The New York Times mired itself in more controversy while trying desperately to put a negative spin on President Trump’s recent executive order fighting anti-Semitism on college campuses.
White House reporters Peter Baker and Maggie Haberman launched the misinformation last week in “Trump Targets Anti-Semitism and Israel Boycotts on Campus” (click “expand”):
President Trump plans to sign an executive order on Wednesday targeting what he sees as anti-Semitism on college campuses by threatening to withhold federal money from educational institutions that fail to combat discrimination, three administration officials said on Tuesday.
The order will effectively interpret Judaism as a race or nationality, not just a religion, to prompt a federal law penalizing colleges and universities deemed to be shirking their responsibility to foster an open climate for minority students. In recent years, the Boycott, Divestment and Sanctions -- or B.D.S. -- movement against Israel has roiled some campuses, leaving some Jewish students feeling unwelcome or attacked....But critics complained that such a policy could be used to stifle free speech and legitimate opposition to Israel’s policies toward Palestinians in the name of fighting anti-Semitism.
After accusing Trump of possibly “emboldening white supremacists like those in Charlottesville, Va., in 2017,” they cited pertinent anti-Semitic examples from campus, before again misleading about what the Executive Order would do:
....Mr. Trump’s order will have the effect of embracing an argument that Jews are a people or a race with a collective national origin in the Middle East, like Italian Americans or Polish Americans.

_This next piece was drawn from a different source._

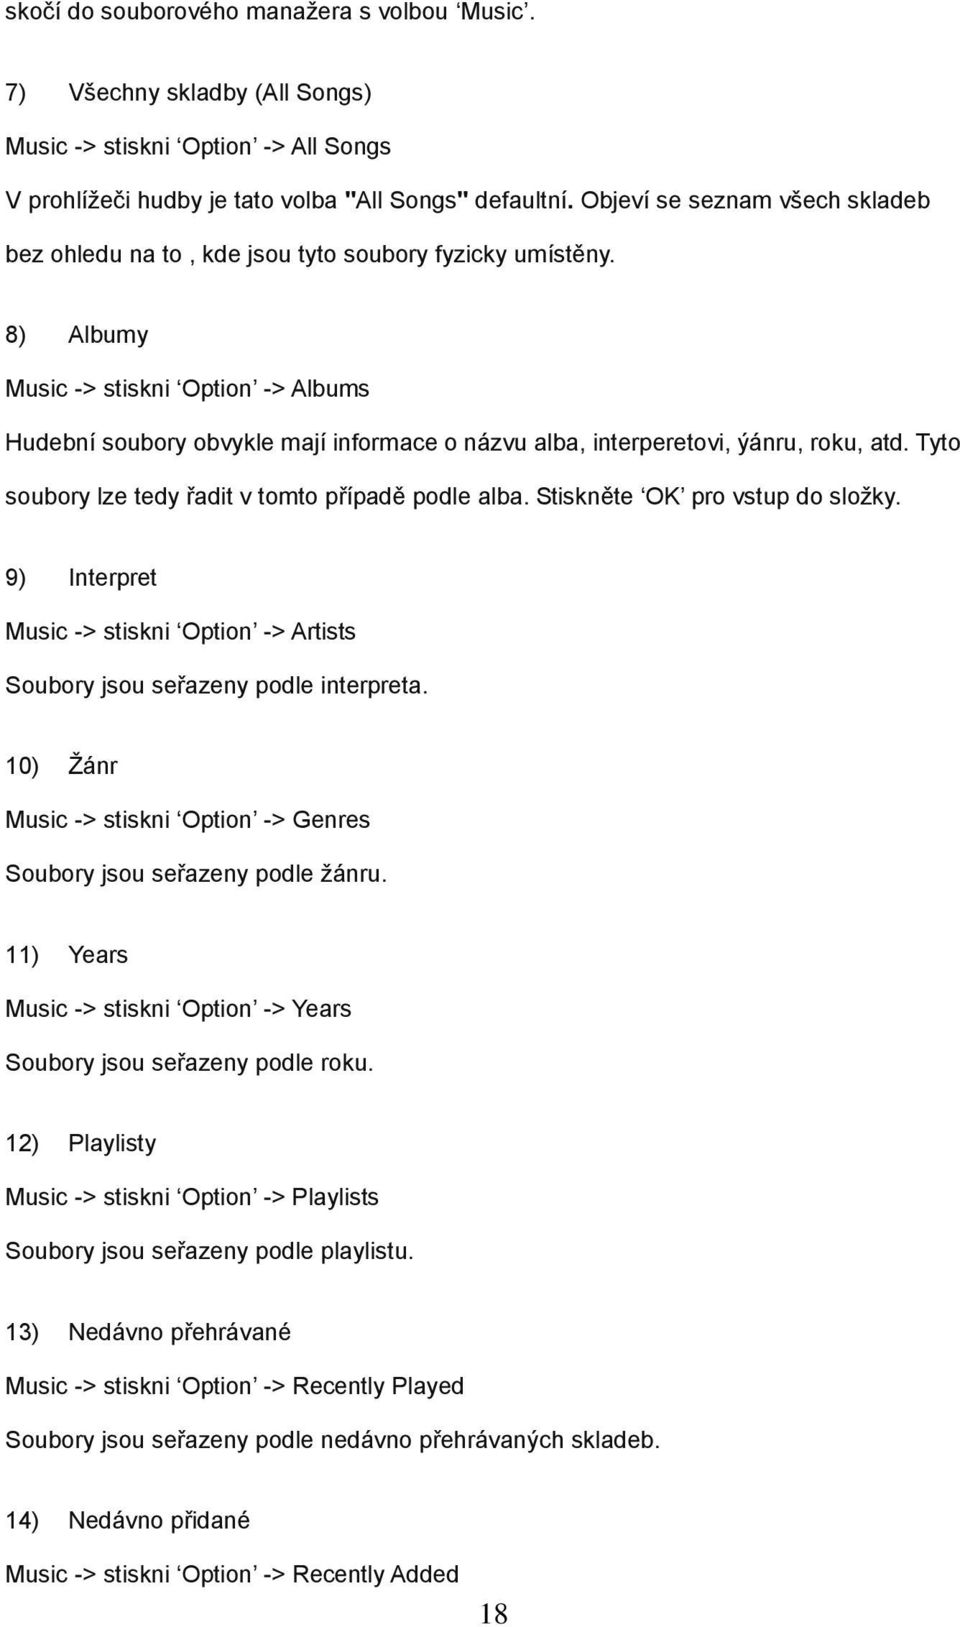 8) Albumy Music -> stiskni Option -> Albums Hudební soubory obvykle mají informace o názvu alba, interperetovi, ýánru, roku, atd. Tyto soubory lze tedy řadit v tomto případě podle alba.

But that’s wrong, insisted many who read it, including Slate. Twitterati who initially reacted with fear based on Times reporting admitted the order did not redefine Judaism as a national origin. Hot Air argued “This is one of those journalistic errors that would not have been made if not for the left-leaning media’s pre-existing hostility to Trump.”
But The Times didn’t get the message. Last Friday came “Unease at Trump’s Order To Tackle Anti-Semitism.”
Left-wing Max Fisher’s “Interpreter” column Monday used convoluted reasoning: “An Order Combating Hate Revives Questions of Identity”:
The order is ambiguous as to whether it sees Jews as a distinct nationality or a minority race, but either interpretation aligns with Mr. Trump’s preoccupation with defining, and policing, the boundaries of identity.
And the order’s creation of special status for Jews, but not other religious minorities, follows Mr. Trump’s habit of welcoming some demographic groups into the rights and protections of American identity and excluding others. Tellingly, the singling out of Jews for special protection in the order left some feeling still more exposed.
Fisher waved away the long-standing Jewish tradition of identifying with Israel:
The Israeli national narrative, of a long-forgotten homeland waiting to be rediscovered by a citizenry scattered by history, implies a Jewish identity that is innately ethnic and national. Still, American Jewish attitudes toward Israel are cooling; national fealty, for many, is a stretch.
The Times has long been hostile toward fighting too hard against anti-Semitism on campus, while accommodating radical pro-Islamic voices.